> [Problem]: Write out, from the entries below, exactly the lines that run between the lines holding "南京市第二十九中学初一新生入学水平测试试卷 分班考试经典 附标准答案" and "Teal Color Mug - OG Hippie Chick (BFBoulet)", inclusive, and stop there.

> [Exercise material]:
-- Opening Marker --

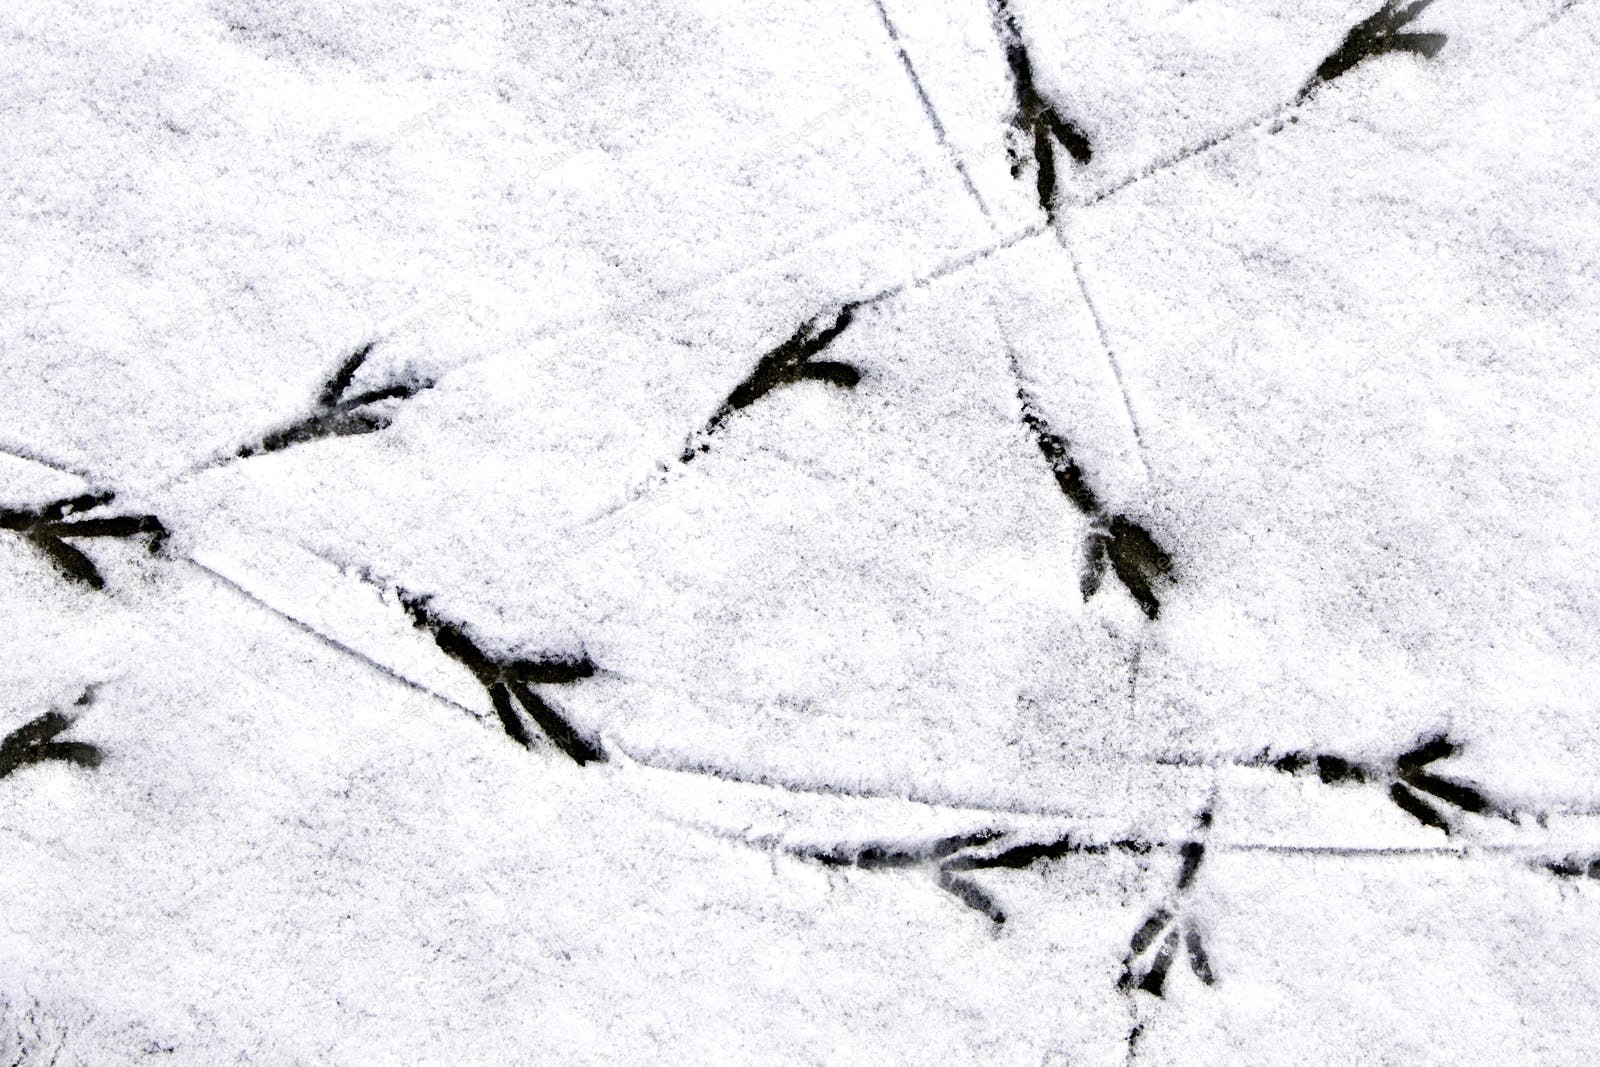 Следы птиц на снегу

-- Closing Marker --
-- Opening Marker --

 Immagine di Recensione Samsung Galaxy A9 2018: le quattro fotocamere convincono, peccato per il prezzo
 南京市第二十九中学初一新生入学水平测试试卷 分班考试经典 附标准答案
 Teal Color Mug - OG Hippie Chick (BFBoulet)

-- Closing Marker --

> [Solution for this exercise]:
 南京市第二十九中学初一新生入学水平测试试卷 分班考试经典 附标准答案
 Teal Color Mug - OG Hippie Chick (BFBoulet)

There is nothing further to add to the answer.